# MG RX-1 MC-E Review (Pics.. Outdoor beamshots..indoor shots.. high runtime added!)



## csshih (Apr 13, 2009)

For inclusion in the review section…


Hello Everyone, again!
This will be my second review.
Up for review is the MG RX-1 MC-E, one of the latest offerings from Bryan over at ShiningBeam.com

I purchased the light from Bryan on 4/10/09, and I received it today, 4/13/09. Light was well wrapped up in bubble wrap, and included accessories. There is no presentation box for the light.

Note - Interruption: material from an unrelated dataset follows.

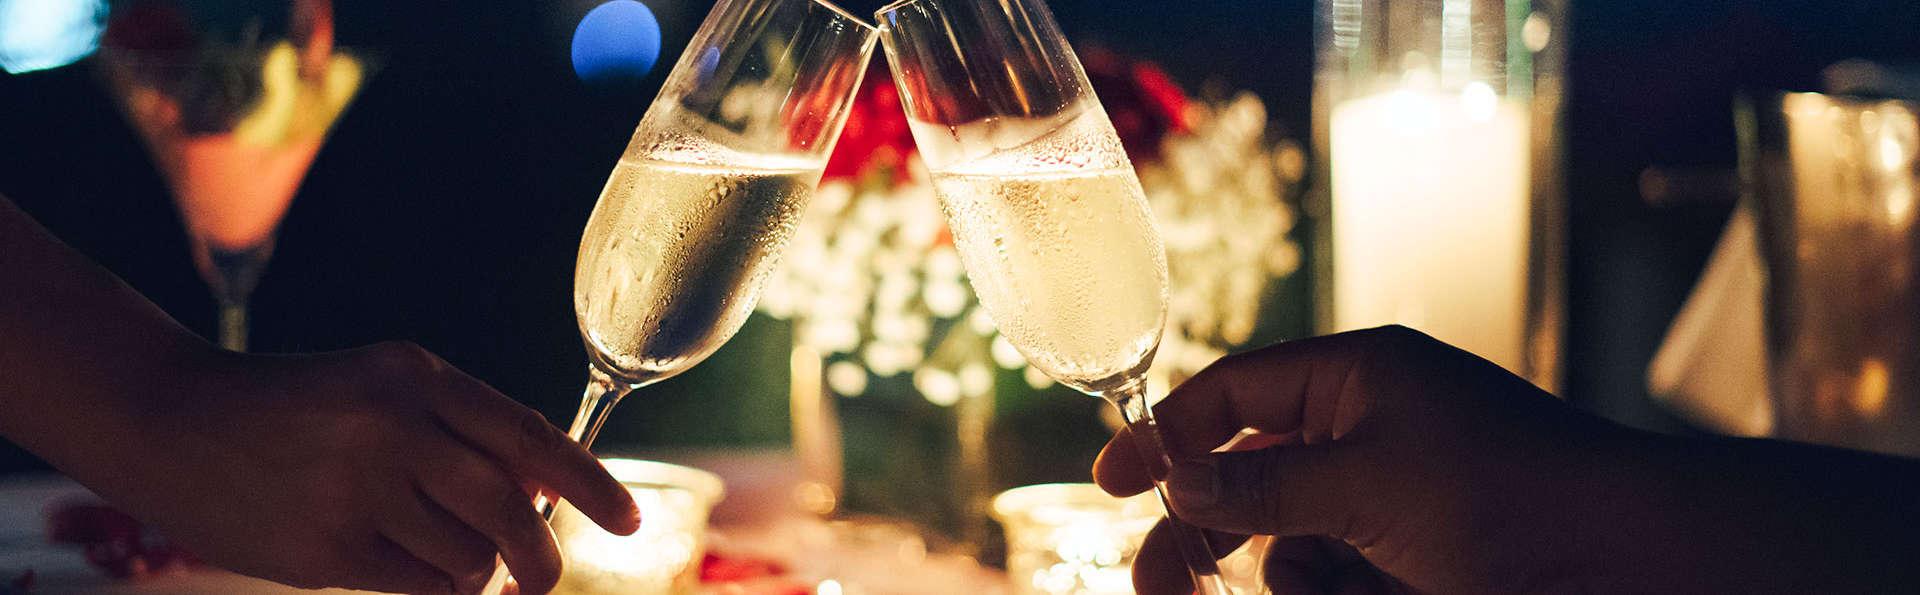 Sorprende a tu pareja: cena romántica, spa privado y mucho más en habitación superior

here is a quick summary of the specs, taken from Shiningbeam (link is here.):


Features a Cree MC-E emitter, M bin with WC tint
700+ lumens on high mode
Comes with tactical momentary-on switch(forward clicky) and regular switch
Compatible with 1x18650, 1x17670, and 2xCR123A
3 Modes: Low > Mid > High
Current output: 200mA on low, 1000 mA on medium and 2500 mA on high
Regulated circuit for constant current output
Built in Voltage protection, will cut off at 2.8V
Reverse-polarity protection prevents wrongly installed batteries from damaging the circuit
The memory feature will memorize the last mode
53 mm x 42 mm orange peel reflector for flawless beam pattern
A bit of background:
The light was announced on 4/9/09 in this thread.
Bryan over at shiningbeam notified me of receiving the lights a day beforehand, so I told him I would review one.

This light is built to have an even balance of flood and throw, being a quad die LED light.






Here is the light up for review. 





Here is the name of the product, and the serial of my specific light.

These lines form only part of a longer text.